Spend money available only on what makes the presents some value for you and your family (educational activities for children, joint family vacation, help parents and so on.).

It is a stupid thing to do to spend more money than you earn. This everyone knows, but only a few do manage to make (every second American family has outstanding loans or even several).

Don’t buy stuff that you use only 1-2 times. Give up such purchases, or rent these things.

Agree on a common understanding in the family – how to spend money, what investments you should make.

Forget about buying costly things spontaneously. It can be a women’s luxury watch for your loved one, which she doesn’t need or the same car as your buddy bought. Set aside a final decision about their purchase for a few weeks. If the desire is still here, then you buy.

Avoid excessive greed. People live in order to get pleasure from life, not to save money on every little thing! Pamper yourself more often (within the family budget agreed in advance).

Learn to calmly – without screams and scandals – discuss and solve inevitably arising financial problems.

Protect Assets From Unexpected Events

Life insurance

This is one of the most fundamental forms of insurance – protection for family members if you or your spouse should die. The consequences of death can be devastating to a family in many ways, not the least of which is financially. Keep in mind that there is a financial impact even if either of you are not earning income outside the home.
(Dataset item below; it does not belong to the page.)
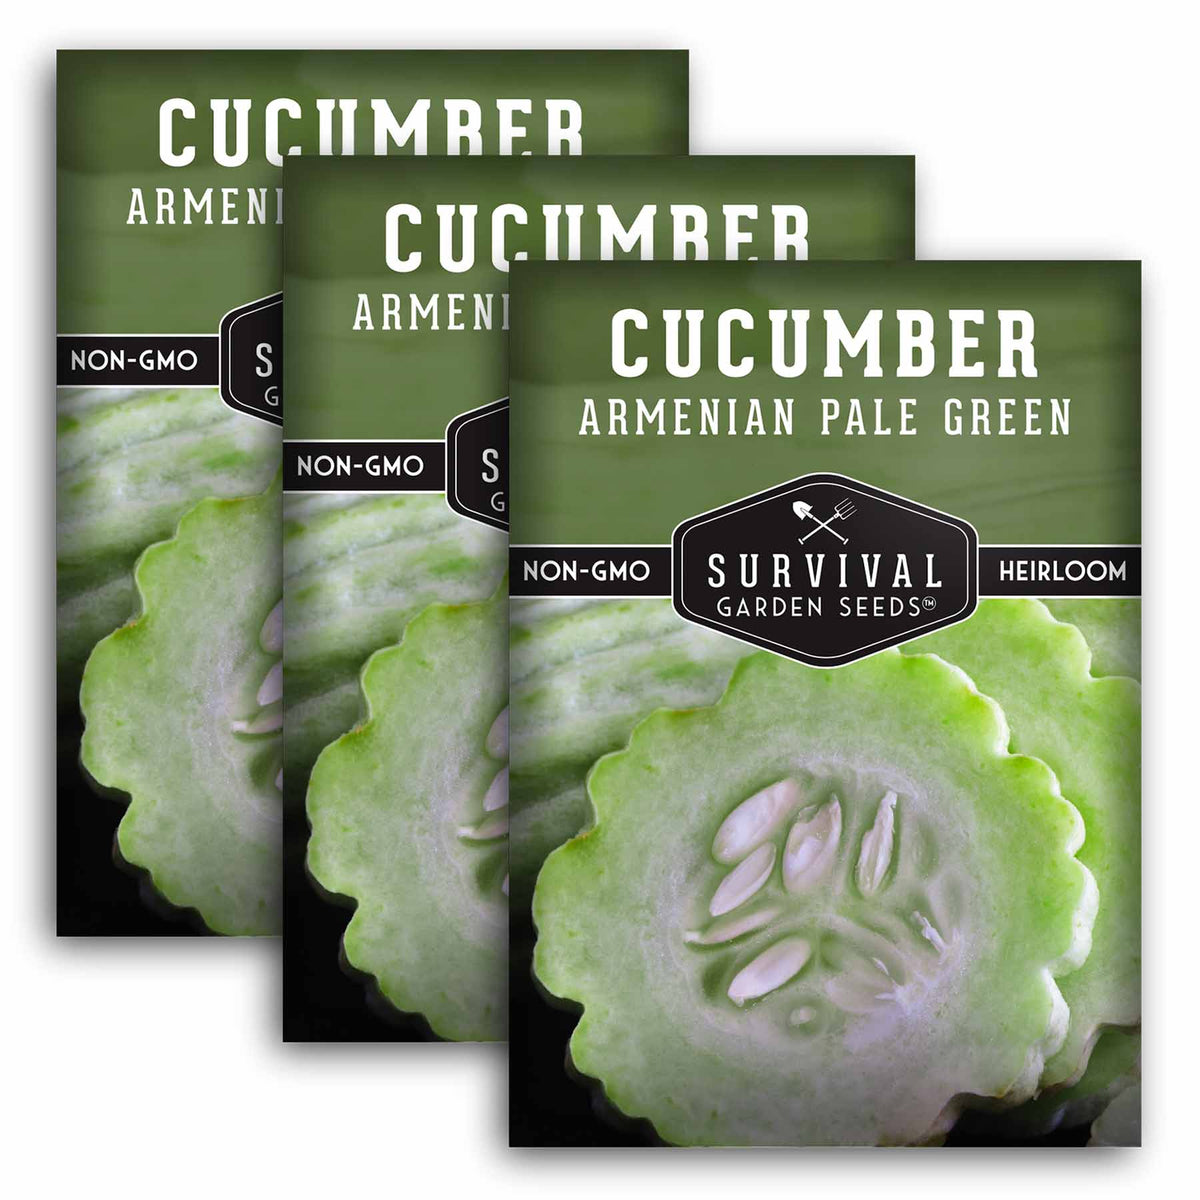 3 packets of Armenian Pale Green Cucumber seeds

If you are a stay-at-home spouse or volunteer, the role you play at home will need to be filled should you pass away unexpectedly. It’s recommended to have sufficient life insurance in place to replace the lost income and to cover a lifetime of needs for your family.

Disability income insurance

Many people overlook the financial risk of a disabling injury or illness, assuming their health insurance will cover additional expenses. If you incur an injury or illness that prevents you from earning your regular income, disability income insurance helps replace that income. This coverage is often offered by your employer, and most plans offer several levels of coverage as a percentage of your income. Make certain your coverage is sufficient to truly protect all of your income needs in the event of a protracted illness or injury.
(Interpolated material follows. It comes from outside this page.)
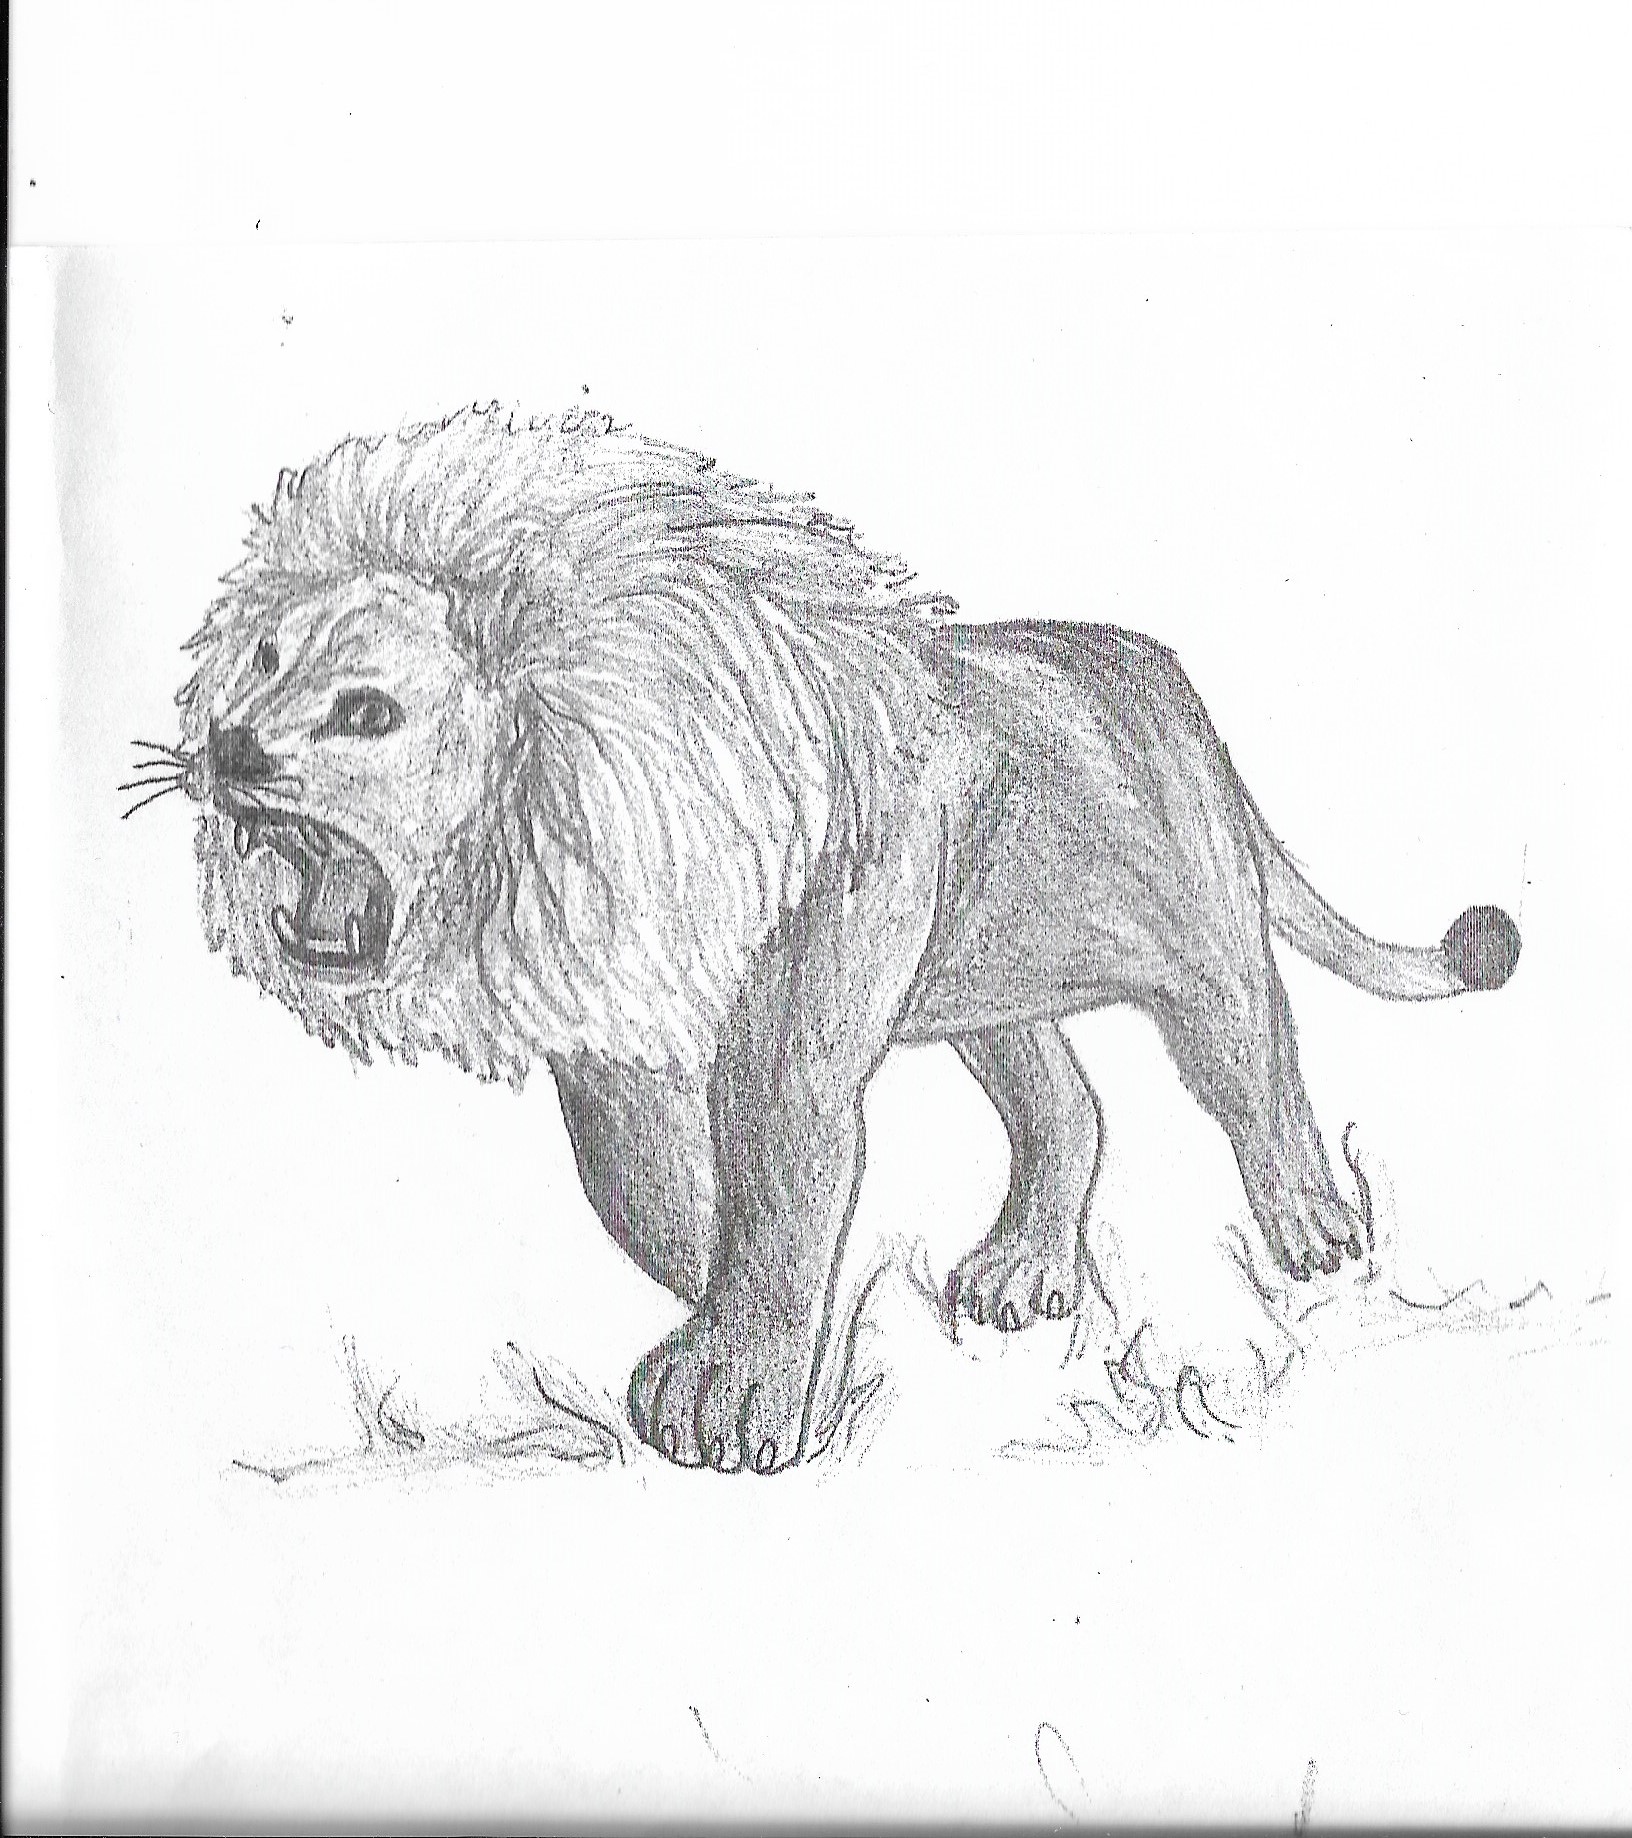 lion - pencil .jpg

Extended care / Long-term care insurance

Costs for in-home care, assisted living or a nursing home can be substantial, even if you have a healthy amount saved for retirement. Extended care or long-term care insurance can be used to address a significant health event, pay for medication or treatment, and can help secure quality specialized care.

Property / casualty coverage

While you’re likely to have auto and home insurance, it’s important to make sure you have enough coverage. Common underinsured areas:

• Look specifically at the following limits in your car insurance policy: personal injury protection, collision / comprehensive, uninsured / underinsured motorists and roadside assistance, among others.

• For your home, consider if you’re covered for home media and computer equipment, adventure equipment (golf clubs, bikes, fishing equipment, etc.), and high-value items like fine jewelry, art, collections, musical instruments or china.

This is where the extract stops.